Pride Month is over but lo and behold, I’m still gay and I’m still gonna gay it up for you at Wear Your Voice. Here we go, homos.
1. Brainstormed ideas for this article with my grrlfriend while we laid in bed and she played with my armpit hair. Do I even need to break down the gayness of this incident? I mean, yes, having a grrlfriend is super gay already. Having a grrlfriend who insists you spell it with two R’s is extra gay. And then there’s the armpit hair/playing with the armpit hair. True story: I met her on OkCupid and her statement on her profile, “I like armpit hair” made me laugh and convinced me to message her. And I’m glad I did because I’m totally gay for her… and her armpit hair.
2. Pushed a laundry cart full of our clothes with my grrlfriend in Bernal Heights.

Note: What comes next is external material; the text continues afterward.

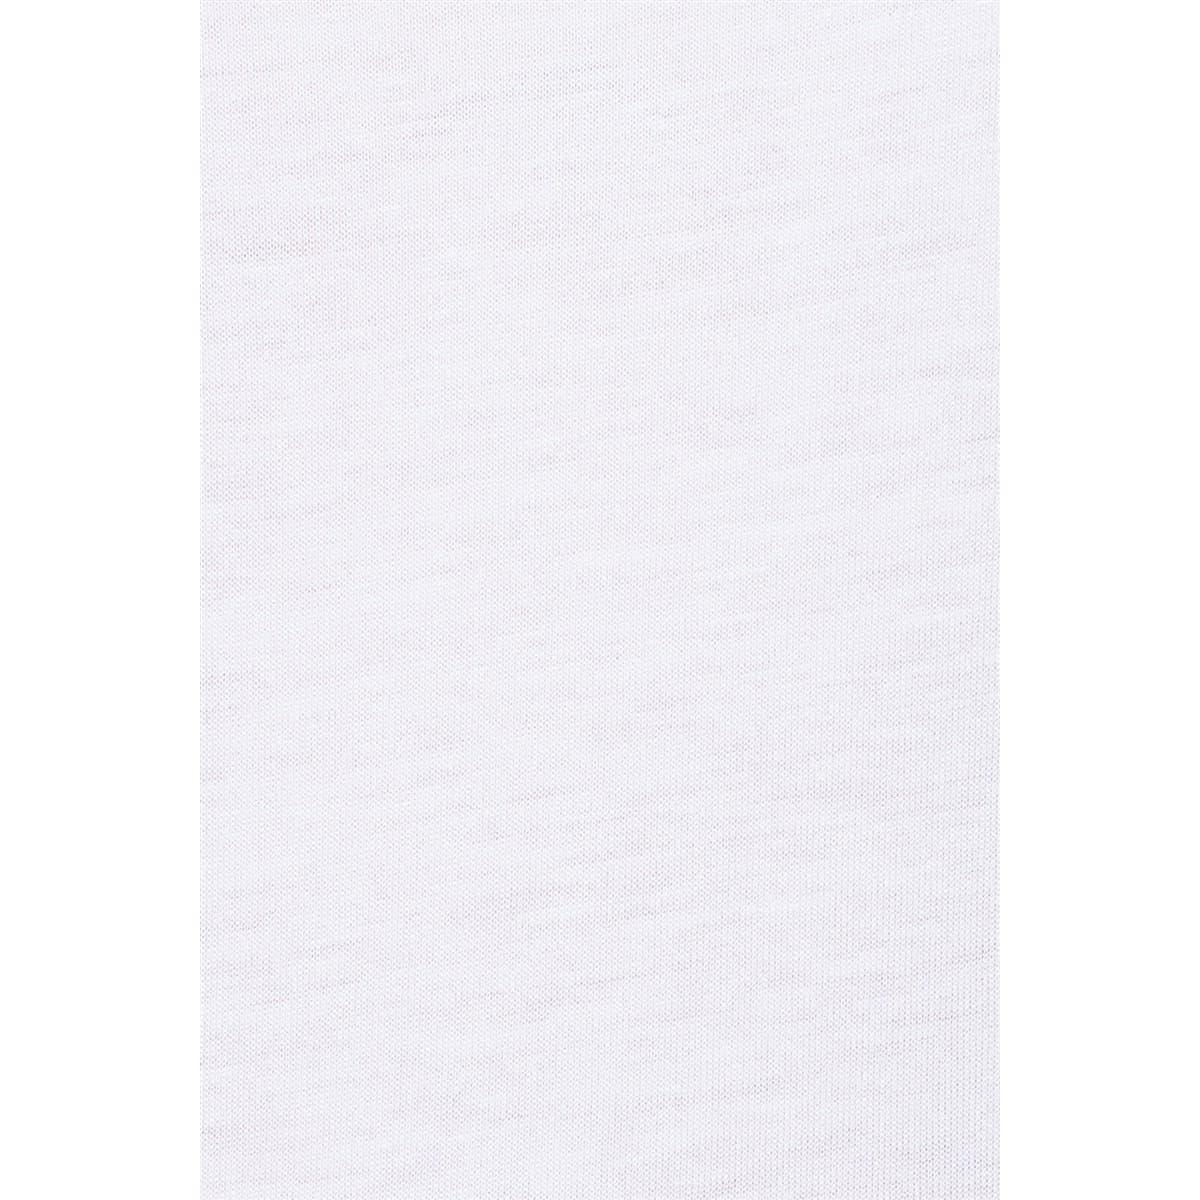 Kisa Kol Penye Beyaz

We had a laundry date the other night in San Francisco (don’t take it personally, Oakland), in the lesbian capital of the city, sometimes referred to as Lesbian-Landia. As we pushed the cart together down the steep street, our respective laundry bags bouncing, I remarked that this might be the gayest thing I’ve ever done. And then we talked about other hella gay things we’d done. And then this article was born. And as we sat on a bench outside we got one of those hilarious “Aw, you’re gay!” looks from a mother getting into her minivan with her two children and husband, signaling to us that she is totally progressive and cool with it. Uh, thanks, lady. Other gays know exactly what look I’m talking about. And straight people, you know too, because you give those looks. Don’t even act like you don’t.
3. Shaved my head as a college-aged baby dyke.
This is a rite of passage for many young queer women. It’s a risk because you don’t know if you have a weird, lumpy head until you shave off all your hair. Luckily, it turns out my head is relatively bump-free and I rocked the shaved head look. And oh man, if you think coming out will piss off your parents, wait til you show up for Thanksgiving with no hair. I quite enjoyed watching my passive-aggressive mother quietly seethe but refuse to make any comments. 21-year-old baby dykes love that shit. What I didn’t enjoy is how everyone touched my head without asking. Also, growing out a shaved head is the worst. For months you have an awkward mullet and weird spiky little baby hairs that can’t be tamed. It’s worth it, though, you have to shave your head at least once. It’s in the handbook.
4. Moved to Oakland.
Sure, New York City is pretty gay. It’s where I came out and then felt trapped because where else would be so accepting of my homosexual ways? Um, duh, Oaktown. As I’ve noted here before, Oakland has the highest concentration of lesbian couples per capita in the U.S. (take that, San Francisco! We are wayyyy more lesbionic). Everywhere I go in this beautiful city, I encounter cute queers and my heart gets all a-flutter. In New York, I never felt like I fit in. Because of my femme-ness, I was often overlooked by the haughtier queers. For some reason, no one knew I was gay there. Here, the smart, sexy queers know I’m a dyke, even when I’m rocking lipstick and short skirts…which is always. I have more queer female friends than I ever have. Many of them raise chickens. Most of them use menstrual sponges. All of them love to process. It’s lesbian paradise and I’m never leaving.
5. Have sex with women. I mean, lez be real, it doesn’t get much gayer than that.